Heading into this year’s trade deadline, the Pirates had three highly sought-after commodities: veteran relievers. Salomon Torres (who was last seen filing a grievance against the Pirates for getting him to sign a discounted contract by lying to him and saying they’d use one of his baseball compounds in the Dominican Republic), Damaso Marte (who stinks as a closer but as a LOOGY—Lefty One-Out Guy—he’s just about the best in the business, as his current 1.38 ERA would suggest), and Shawn Chacon (who still stinks but has put together a pretty decent year).

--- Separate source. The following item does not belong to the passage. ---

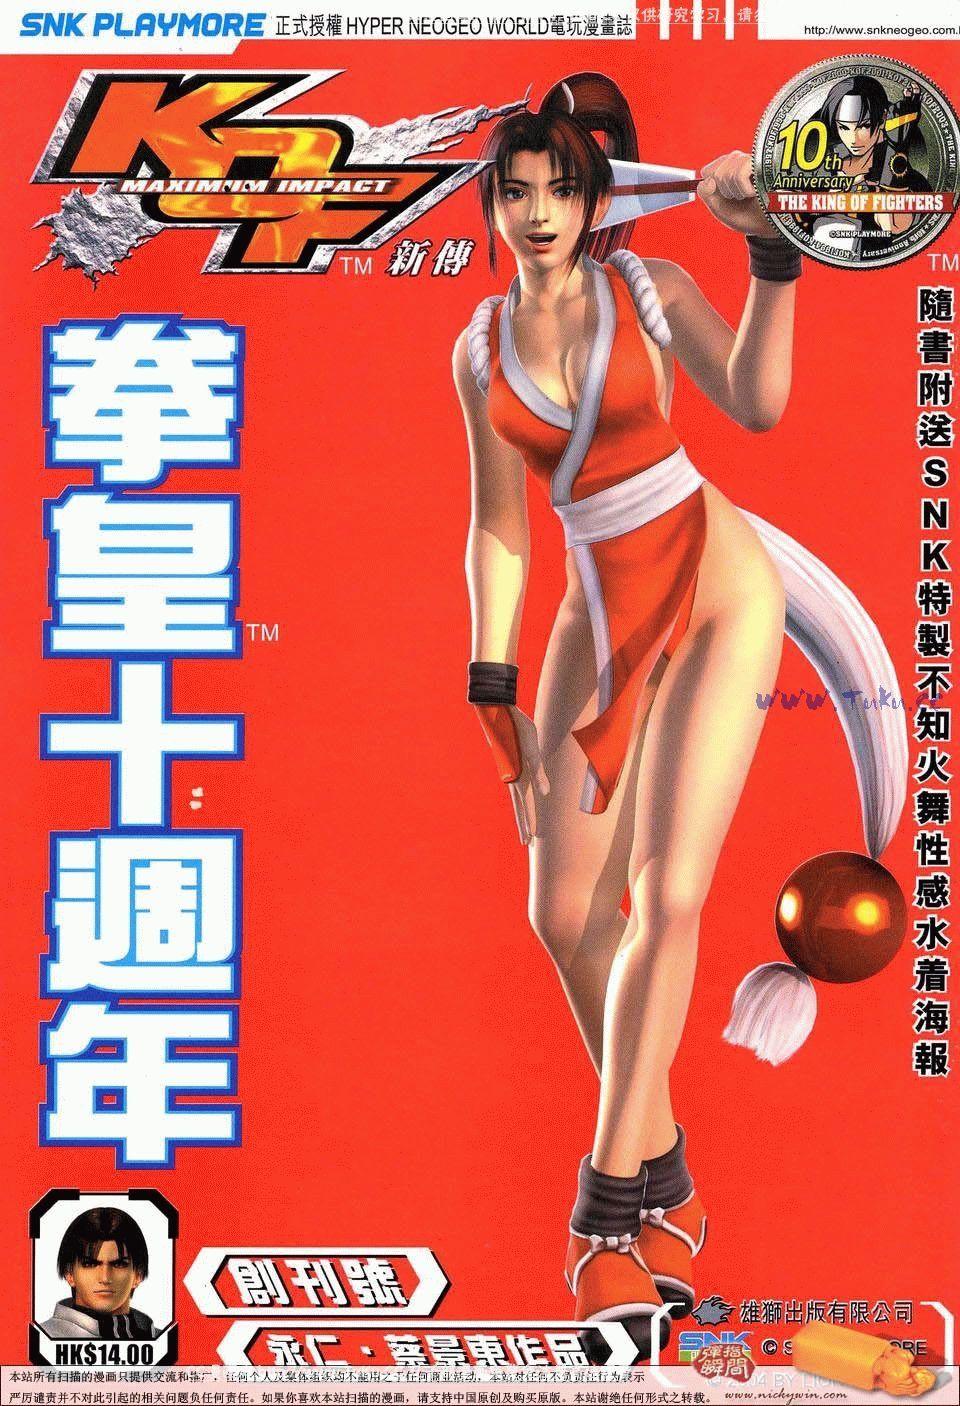 拳皇新传(十周年)kof2004(极限冲击)

How sought-after are veteran relievers at the moment? Well, the esteemed Scott Linebrink (3.79 ERA) was traded by the Padres to Milwaukee for THREE pretty strong minor league pitchers. Octavio Dotel (3.91 ERA, 4 blown saves in 15 chances) was traded to the Braves for a pretty highly-touted minor league starter. So surely Torres (5.00 ERA this year, but ERA’s of 2.64, 2.76, and 3.28 the last three seasons), Marte (1.38), and Chacon (3.78) could get something of value. Maybe Chacon—whose obtaining at least year’s deadline I ranted™ and raved about ad nauseum—could bring something of value in return? With an even remotely competent GM, I’d have been downright optimistic. You trade guys at their highest value, and these three guys will never ever ever have a higher value.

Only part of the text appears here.